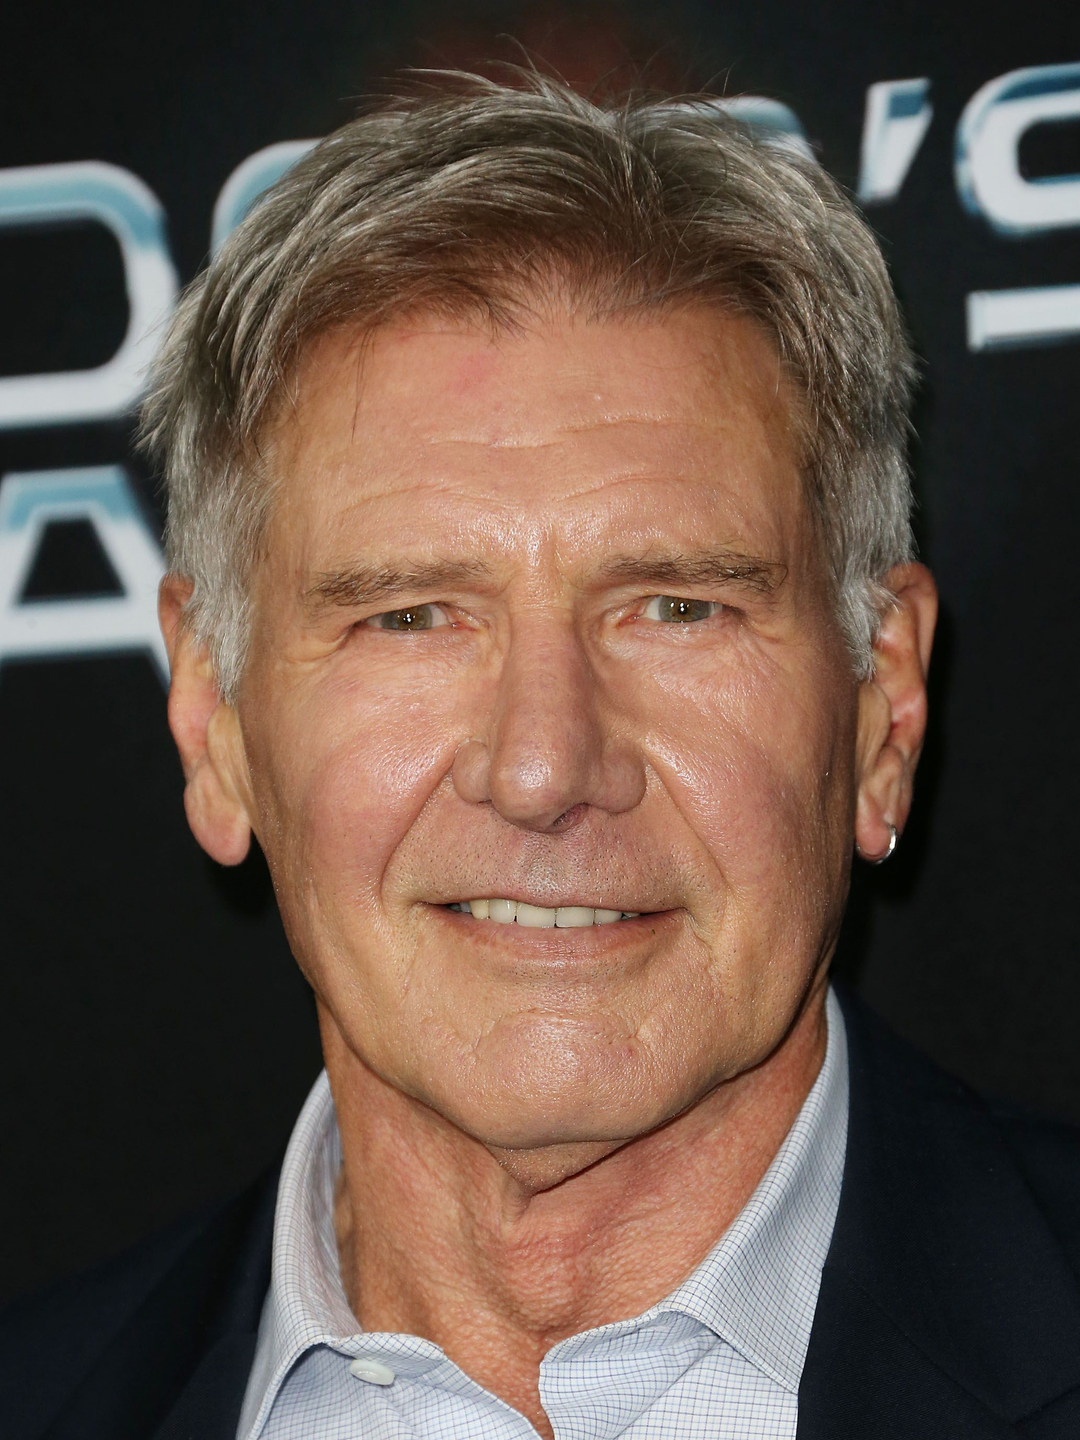 Harrison Ford appearance
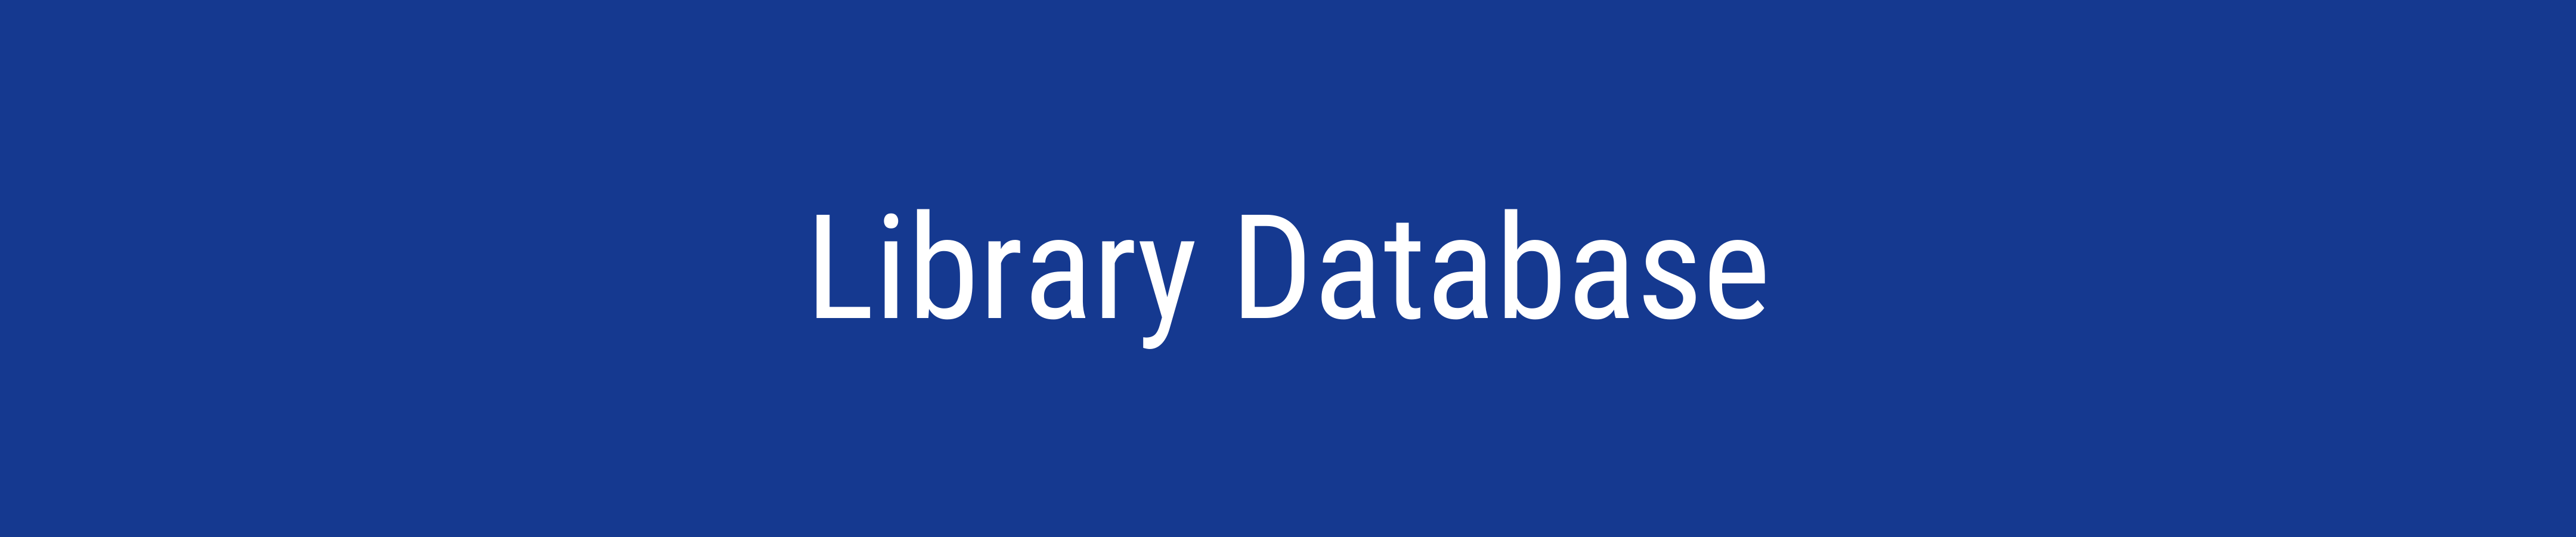 Library Database
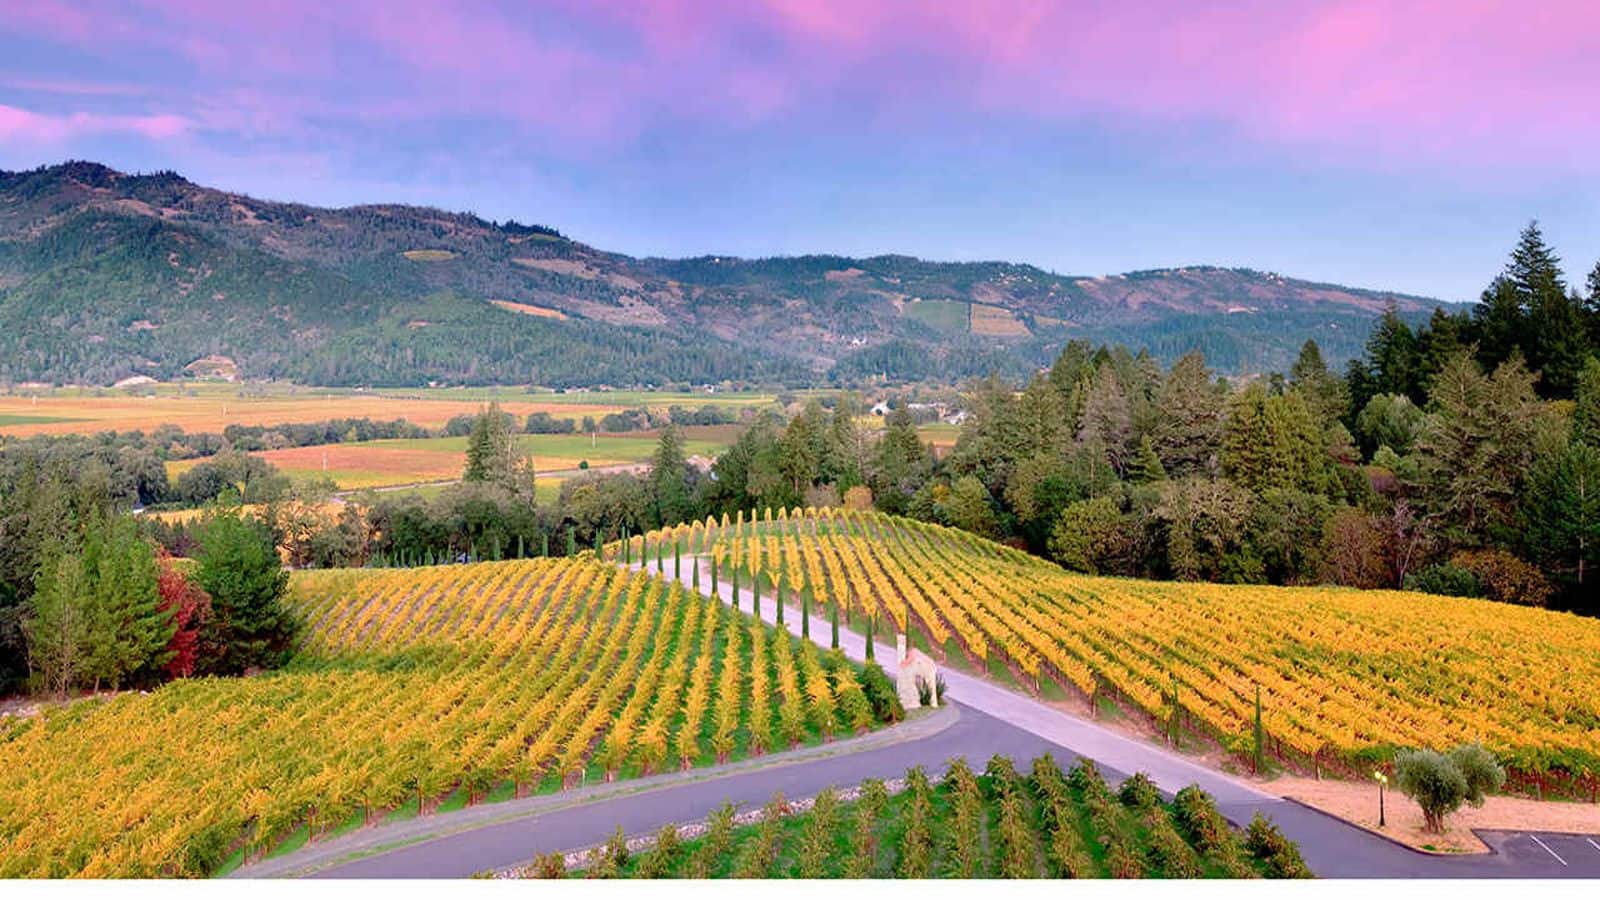 Unwind at Napa Valley's scenic vineyards and culture
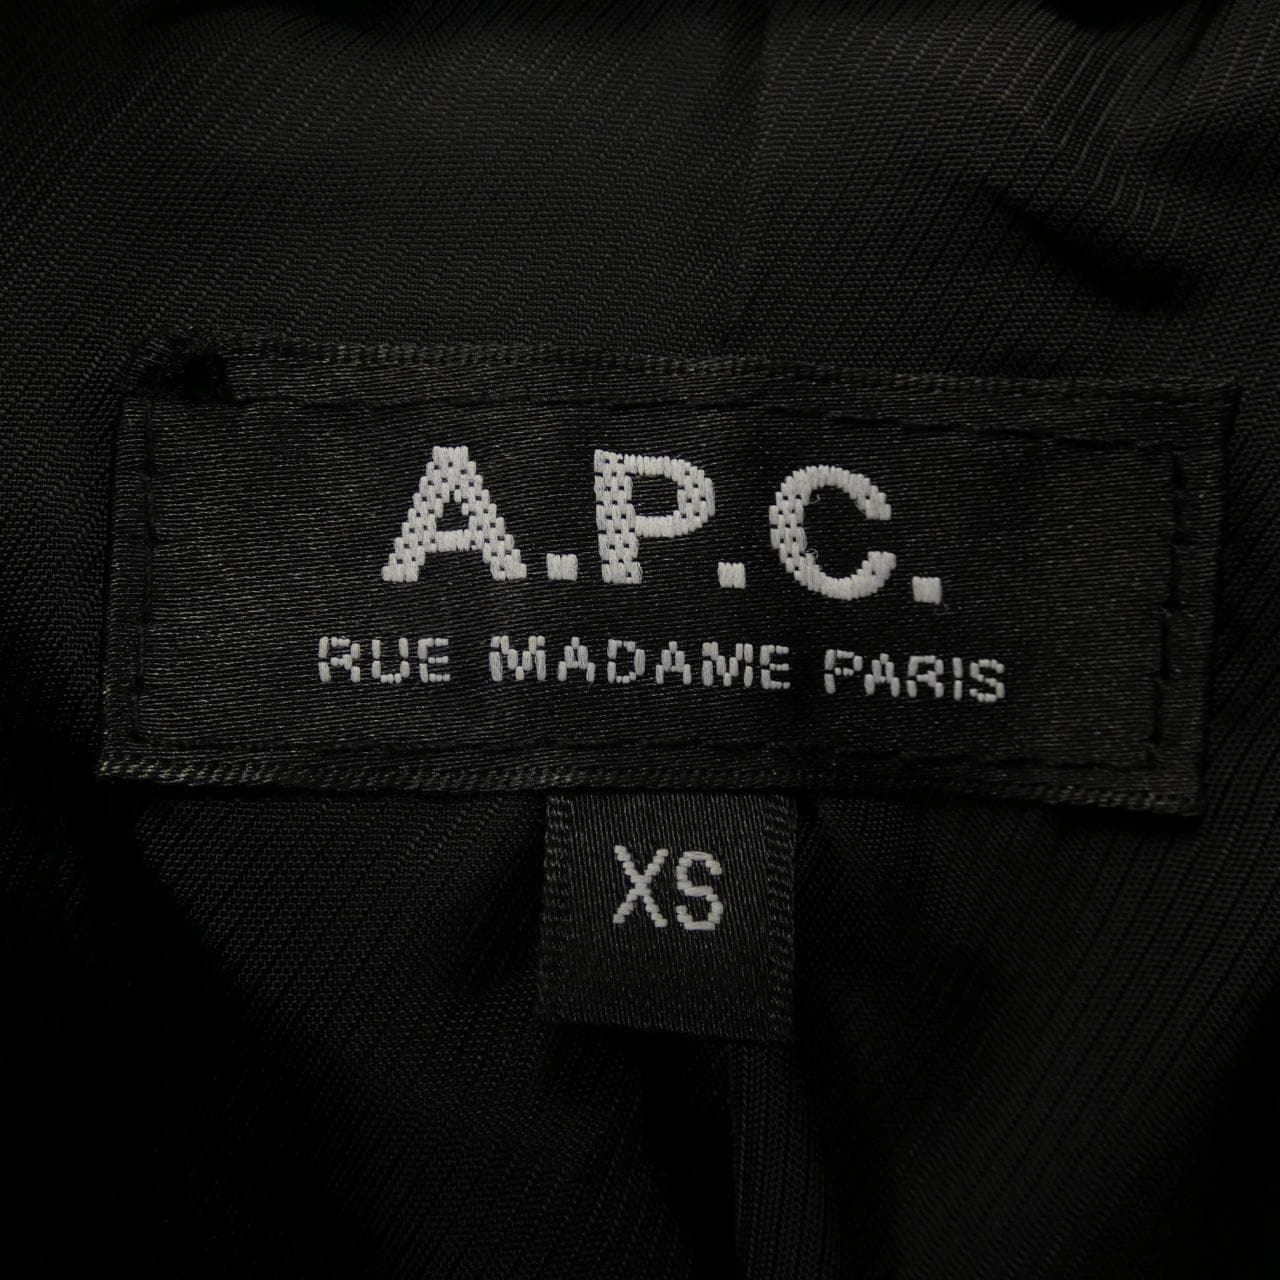 A.P.C Leather Jacket
◆ ◆ ◆ ◆
▸ WORK REQUIRED
Wherever a picture appears in the material above, skip it and copy the rest without change.

▸ EXERCISE RESPONSE
 Harrison Ford appearance
 Library Database
 Unwind at Napa Valley's scenic vineyards and culture
 A.P.C Leather Jacket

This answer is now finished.